┌──

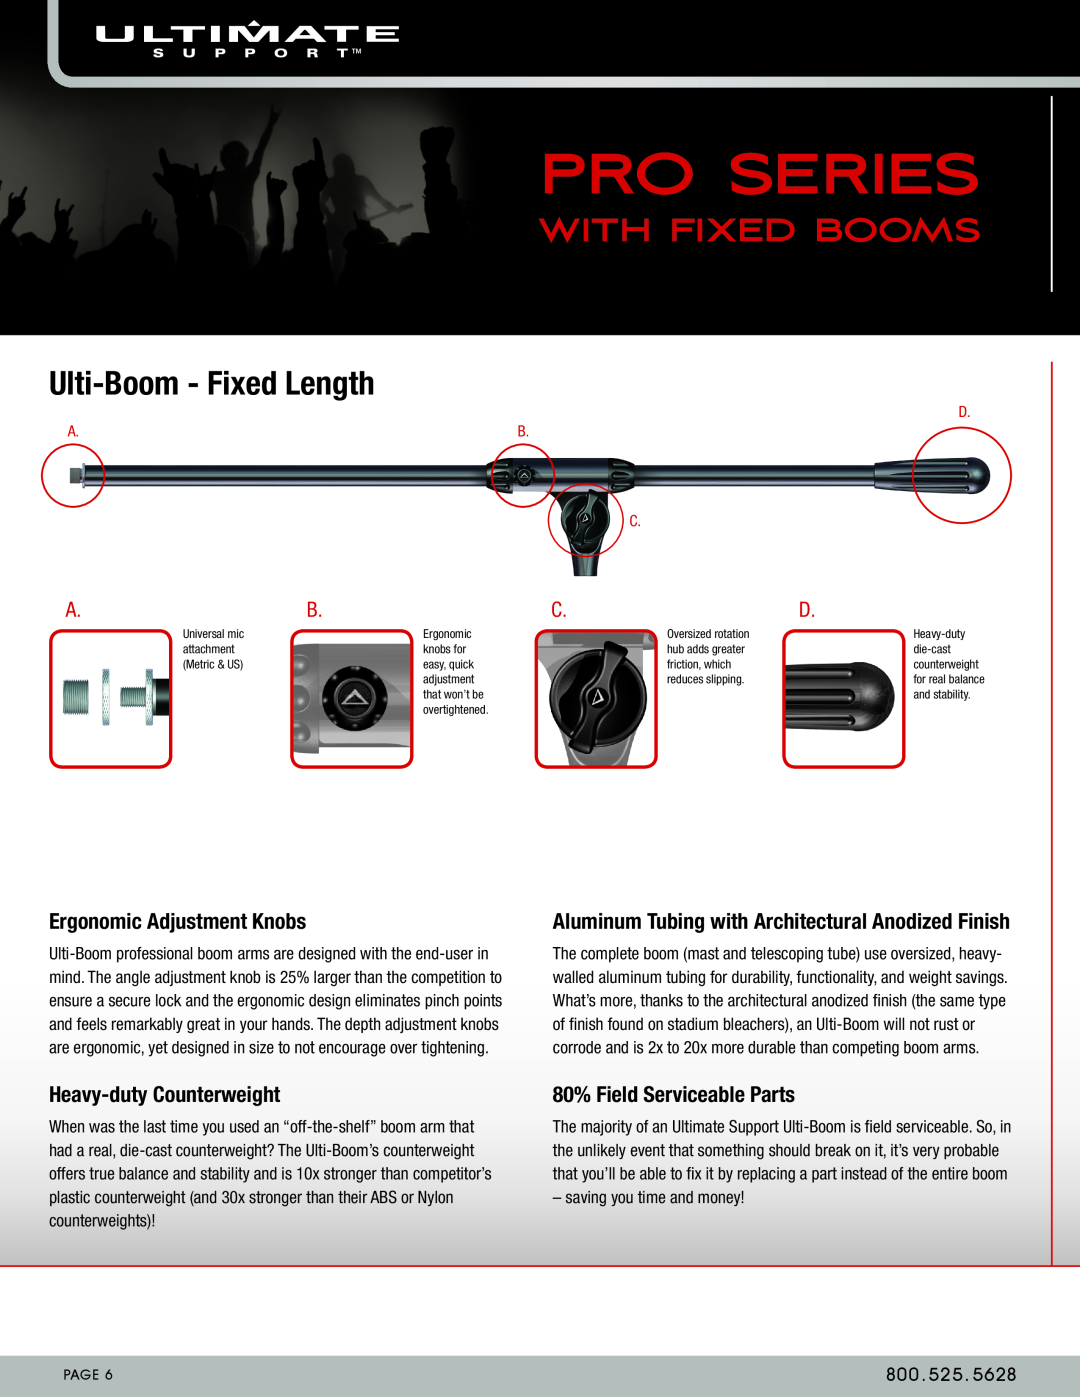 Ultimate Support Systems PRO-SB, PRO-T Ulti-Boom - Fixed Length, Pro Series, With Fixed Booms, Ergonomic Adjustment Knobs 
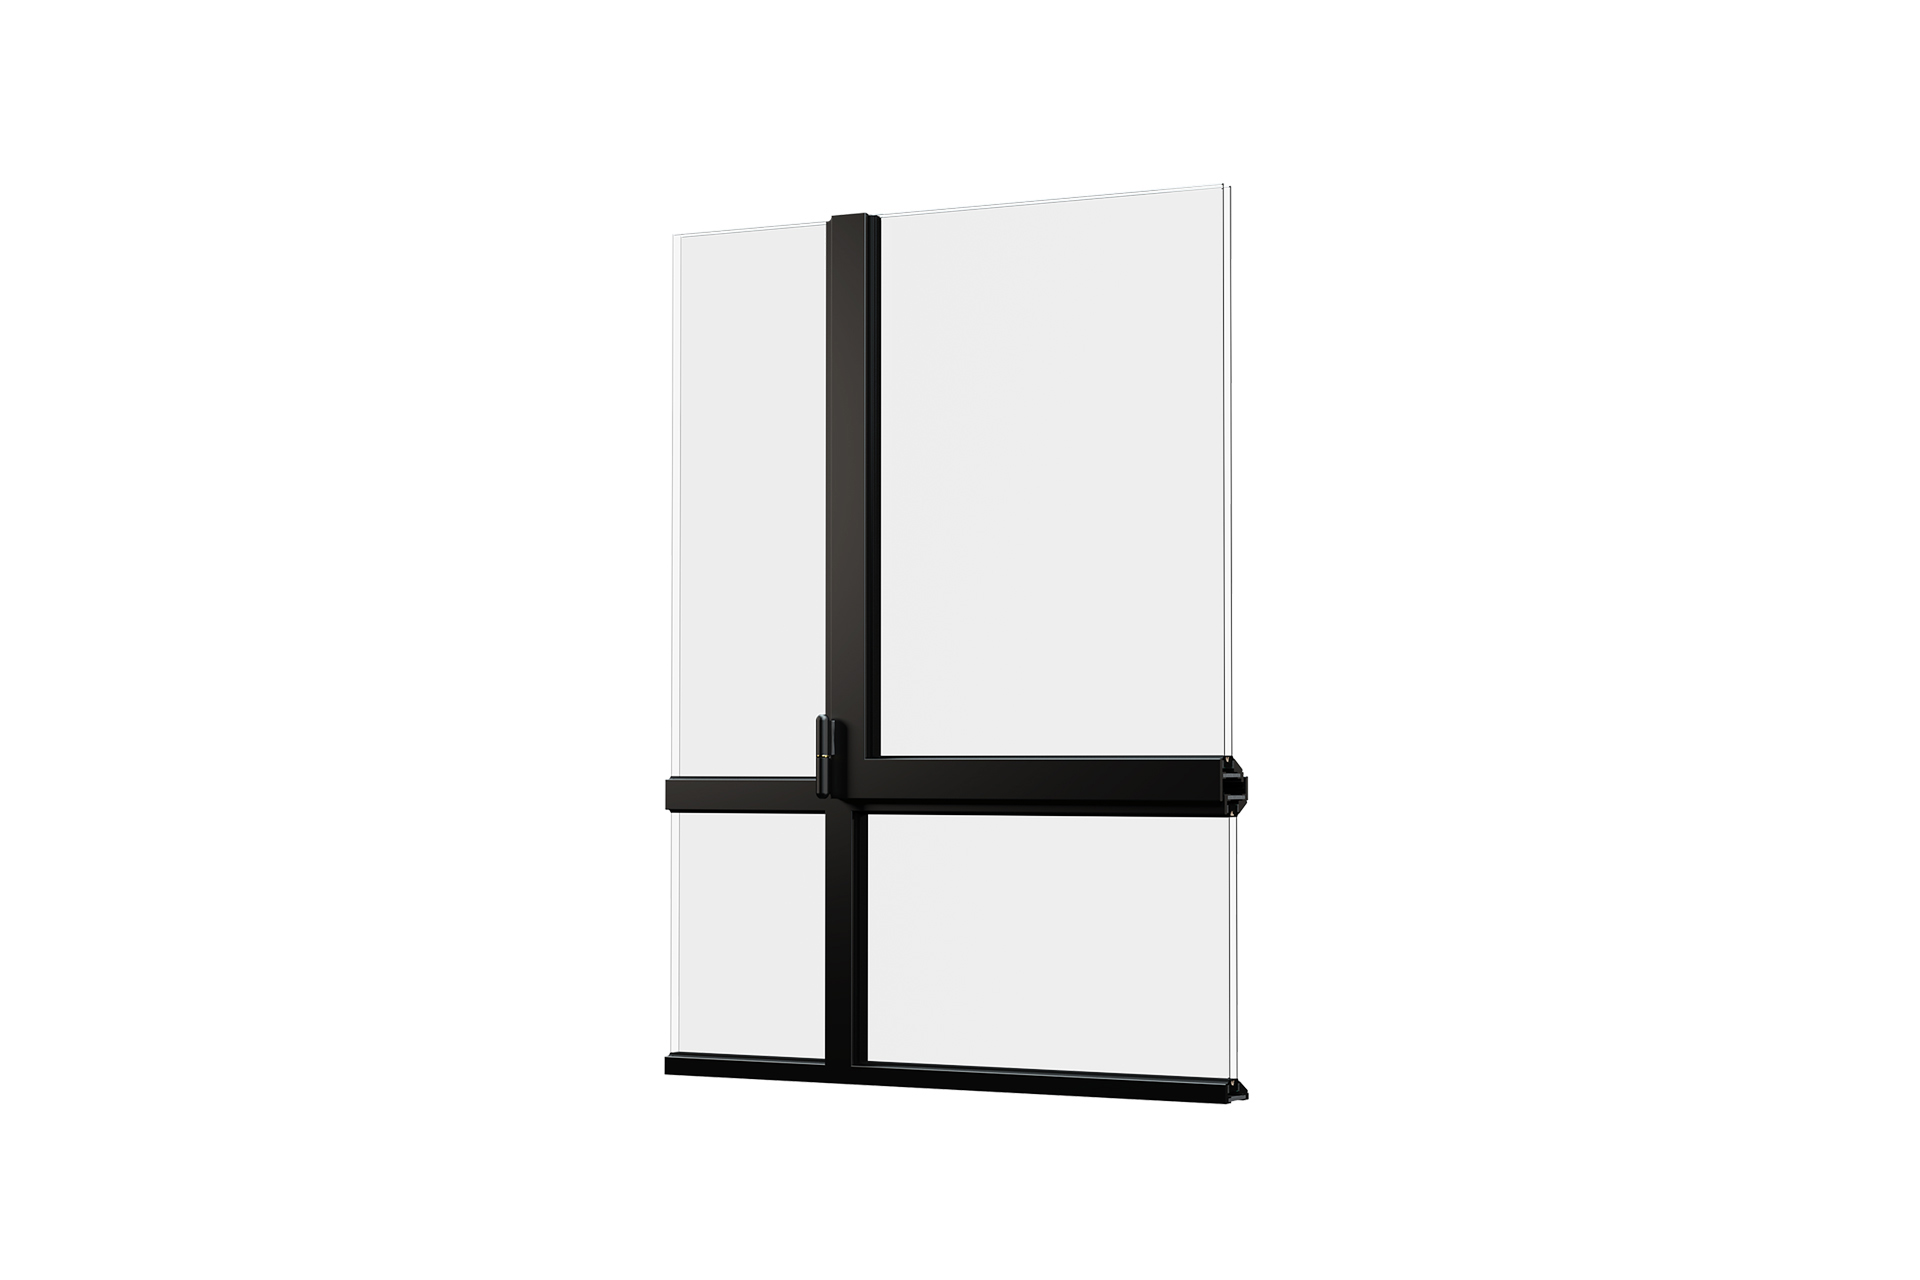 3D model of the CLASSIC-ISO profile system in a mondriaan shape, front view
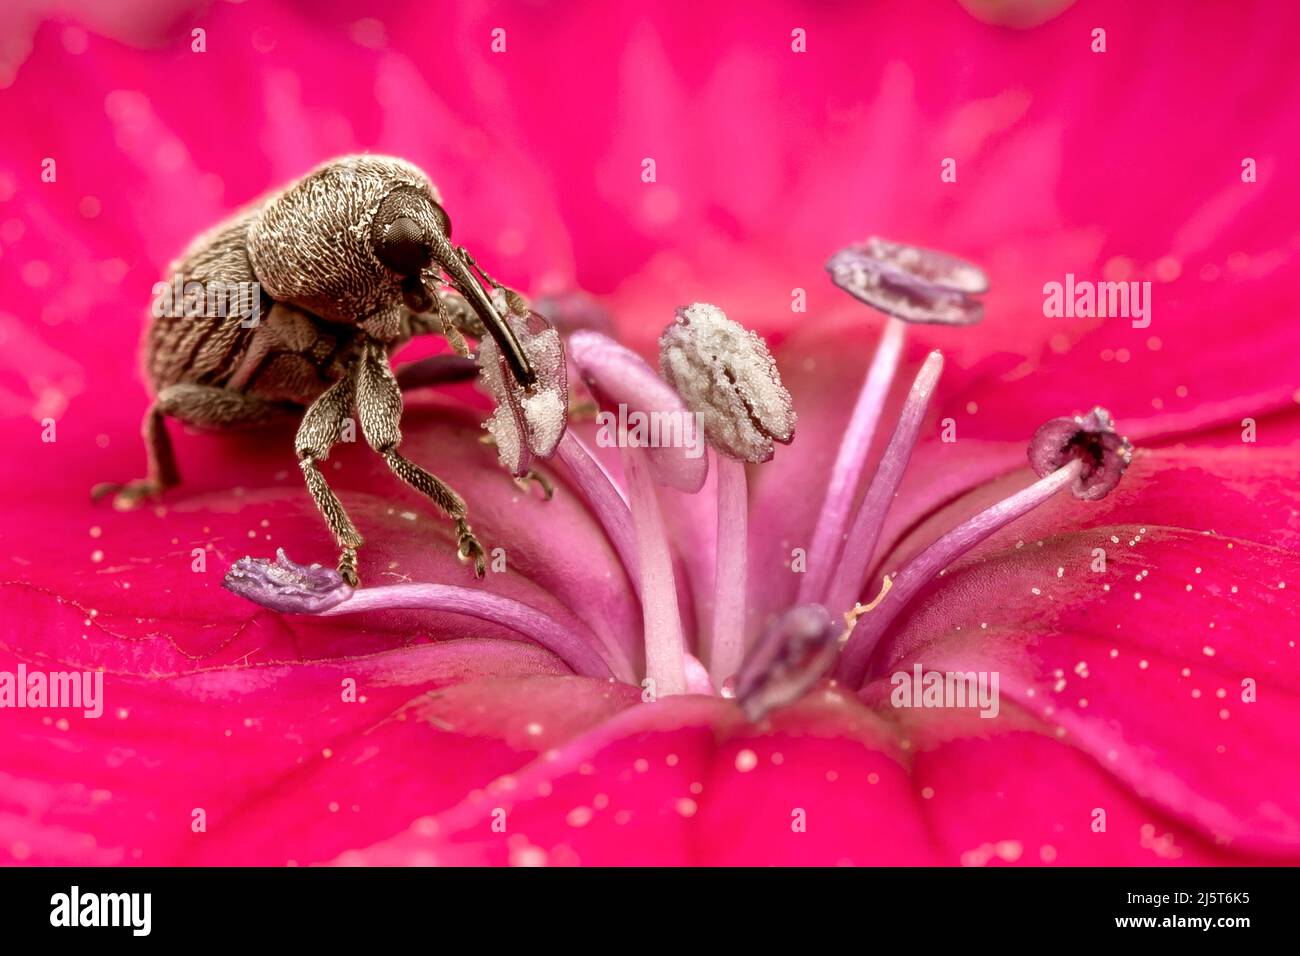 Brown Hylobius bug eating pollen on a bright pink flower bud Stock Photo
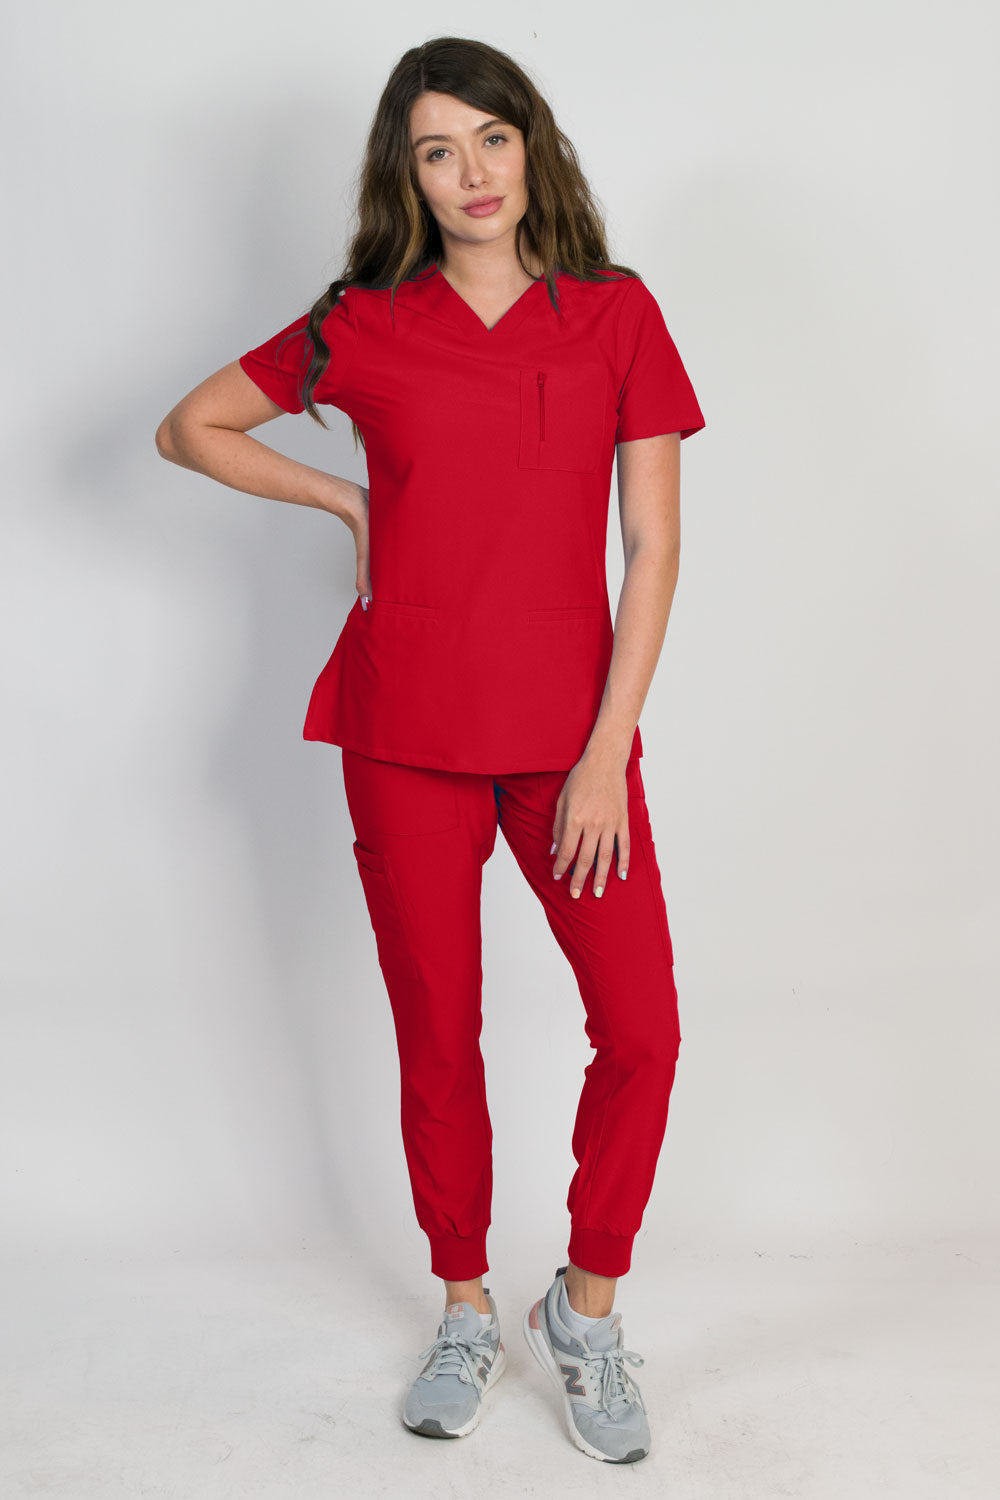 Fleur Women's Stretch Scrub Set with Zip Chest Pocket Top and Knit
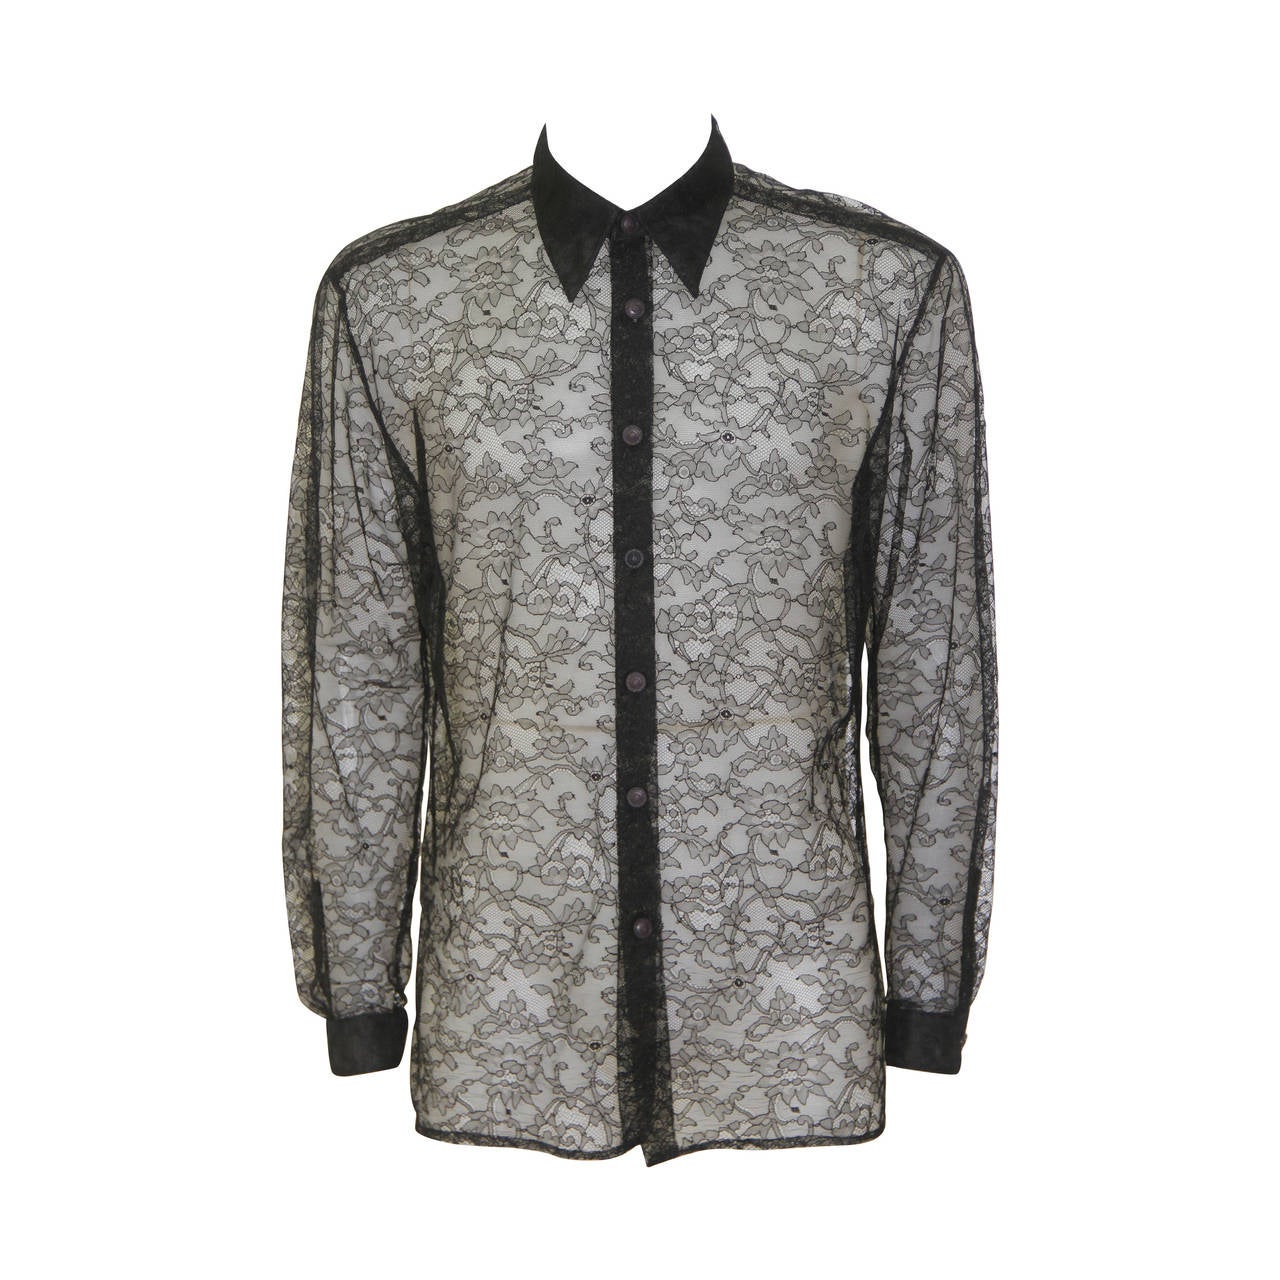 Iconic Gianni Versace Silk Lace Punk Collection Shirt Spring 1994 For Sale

└──

What to do. Beginning at the line with "Brown Hylobius bug", reproduce each line exactly through the last line of the records above, with pictures left out.

Worked solution.
 Brown Hylobius bug eating pollen on a bright pink flower bud Stock Photo
 Fleur Women's Stretch Scrub Set with Zip Chest Pocket Top and Knit
 Iconic Gianni Versace Silk Lace Punk Collection Shirt Spring 1994 For Sale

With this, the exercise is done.